Сдайте удостоверение и оружие старшему лейтенанту Сазонову…» — «Я хотел бы знать, какое я совершил преступление, чтобы меня арестовали?!» Гуськов вытащил заготовленный ордер на арест и обыск. Волков скользнул глазами по бумаге и снова спросил: «Так здесь не сказано, за что…» — «Все узнаете потом, во время следствия». — «Какого следствия, я ни в чем не виноват!» — «Следствие разберется во всем, а сейчас сдайте партбилет Коробову и пойдете с нами». — «А что, меня из партии исключают?» — «Если следствие установит вашу виновность». — «Но ведь это должно решать общее собрание». — «Обязательно, — с издевкой в голосе бросил Гуськов и добавил: — А сейчас ваш парторг и замполит полка дали согласие на ваш арест». — «Ну, а как же мои вещи, письма?!» — «Сейчас пошлем кого-нибудь в роту». — «Но я хотел бы сам…» — «Нет, Волков, посидите с нами, вещи ваши принесут», — уже жестко сказал Гуськов.

Через полчаса они вышли с Волковым: впереди шел Гуськов, за ним чуть побледневший политрук с маленьким чемоданчиком и позади них шел Сазонов, пораженный будничной обстановкой ареста человека, мысли и чаяния которого он тайно разделял! И теперь, подавленный случившимся, шел за ним, чувствуя угрызения совести и оправдывая себя тем, что инициатива разработки и ареста были в руках его начальника.
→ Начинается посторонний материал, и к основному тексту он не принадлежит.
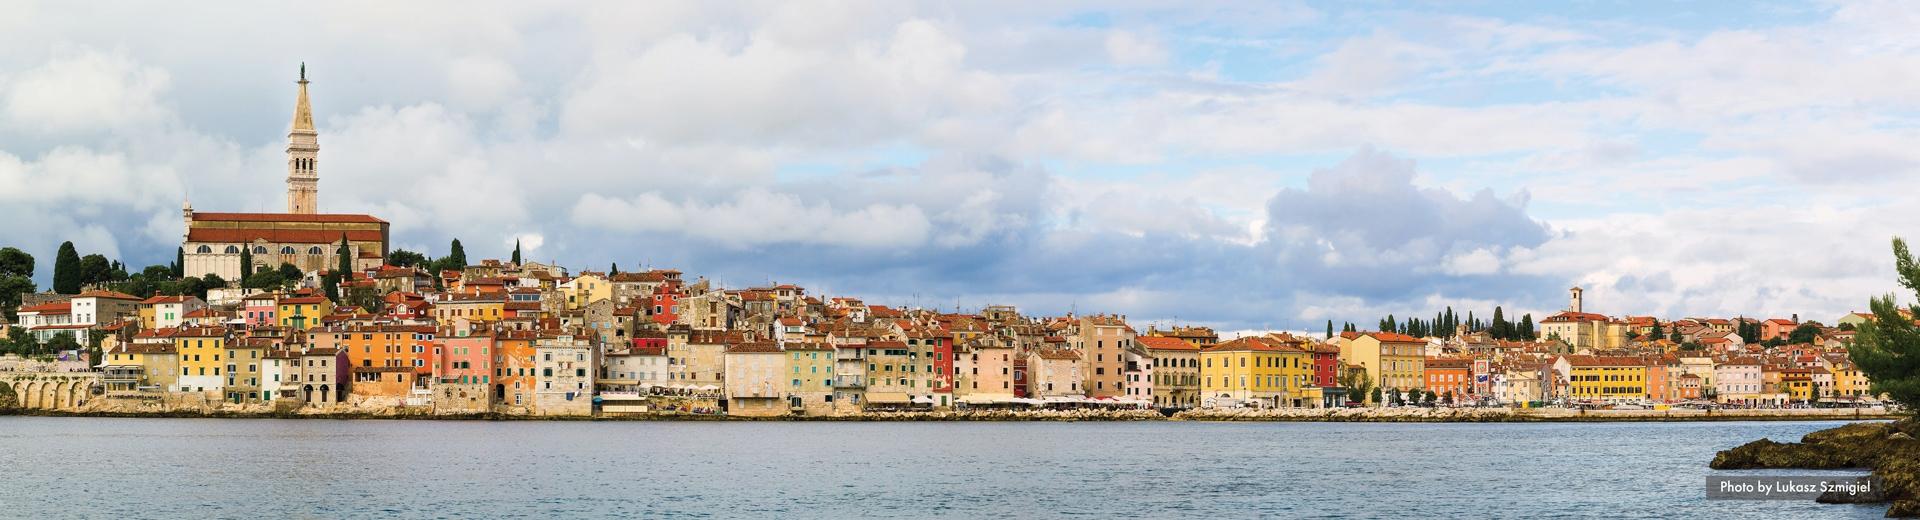 discover croatia rovinj view

Но это было слабым утешением для совестливого Сазонова. И он надолго запомнит этот хмурый ноябрьский день, холодные руки арестованного, из которых он принял его оружие, — из рук уже бывшего боевого офицера, бывшего политработника, а ныне подследственного — гражданина Волкова.
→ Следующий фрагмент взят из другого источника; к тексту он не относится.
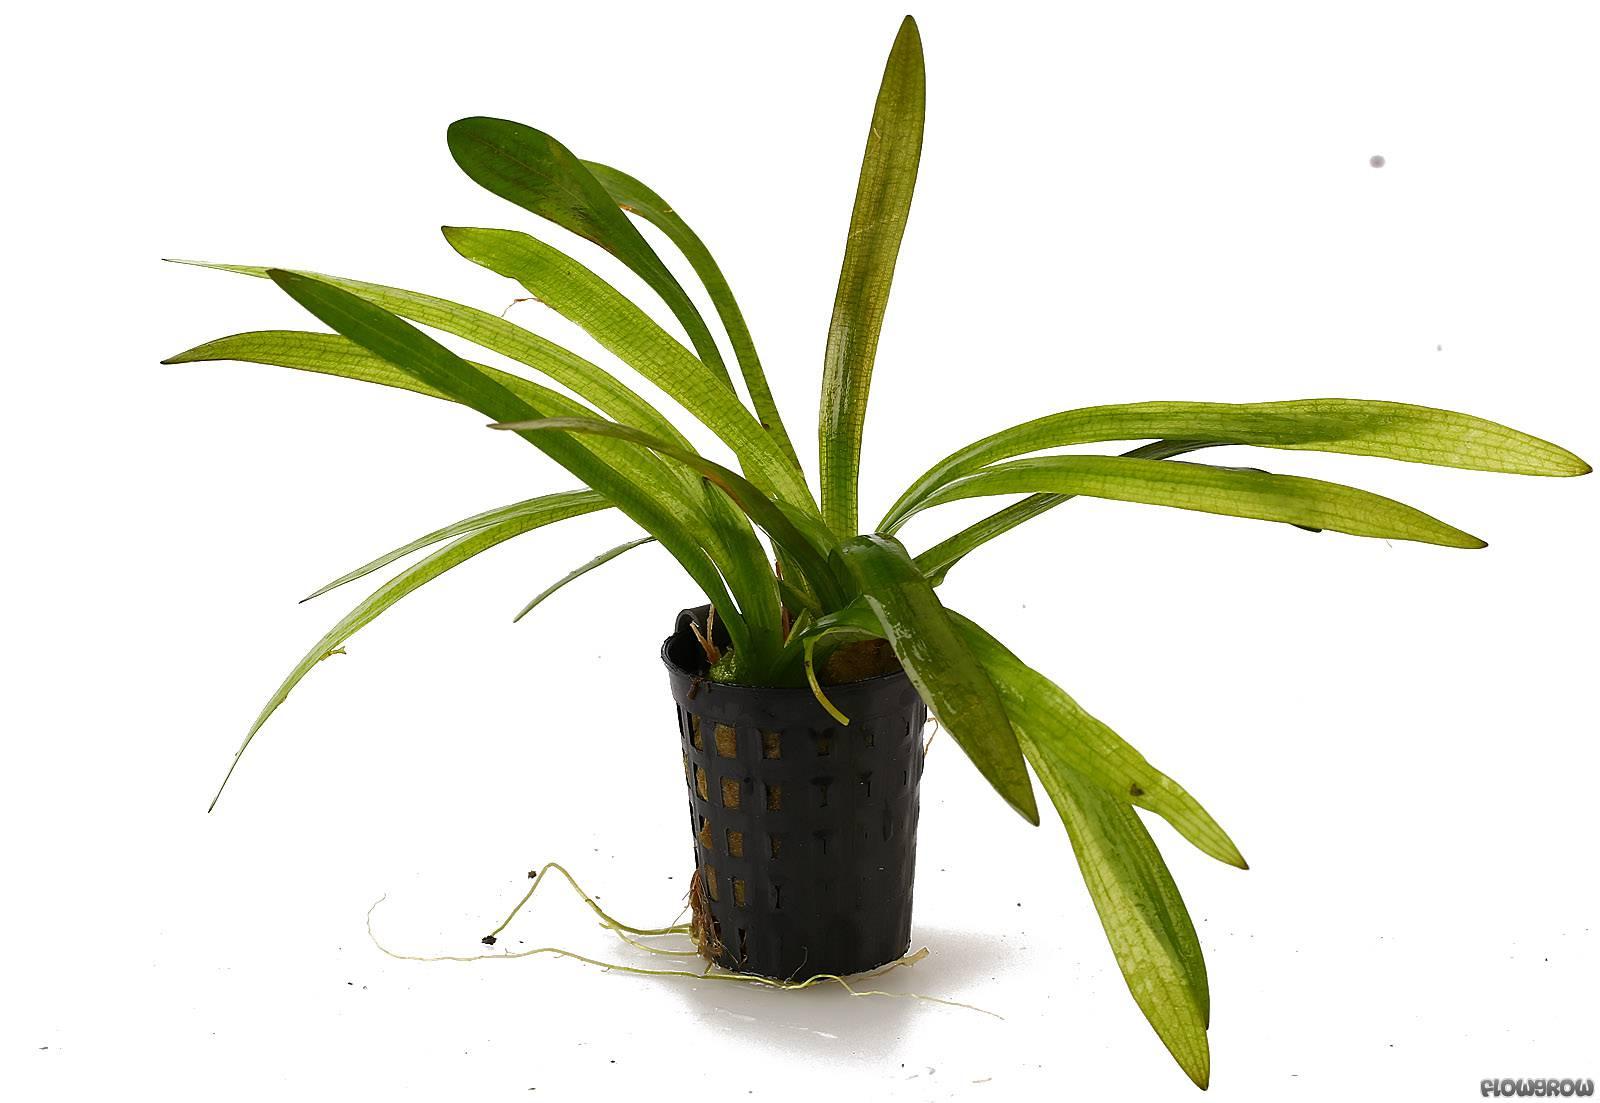 sagittaria-platyphylla-56167fea62402.jpg

И сейчас Дмитрий Васильевич невольно вздрогнул, вспомнив, что Волков трибуналом дивизии был осужден к десяти годам лишения свободы. Десять лет! Это звучало как вечность. Он еще надеялся, что бывшего политрука отправят в штрафной батальон, как это обычно было с осужденными в действующей армии. Сазонов думал, а вдруг еще разберутся, и что-то изменится — он не знал, что циркуляром Военной коллегии Верховного суда СССР по всем военным трибуналам было предписано: «…лица из числа военнослужащих и вольнонаемного состава, в действиях которых установлены признаки преступлений, предусмотренных ст. 58 УК РСФСР, подлежат направлению для отбытия наказания только в исправительно-трудовые лагеря НКВД СССР…» Никакой надежды, что Волков может смыть кровью свое преступление перед советской властью, не оставалось — только лагерь и долгая «десятка». Эта статья не подлежала никаким амнистиям и помилованиям. Гуськов, потирая руки, говорил: «Мало ему дали, но ничего, «десятка» тоже неплохо. Если жив останется, будет долго помнить и другим закажет, как антисоветчиной заниматься! Вот, Сазонов, такие дела! Правда, я тебе доппаек проспорил бы, на «вышку» он не потянул, но ты сам спорить отказался».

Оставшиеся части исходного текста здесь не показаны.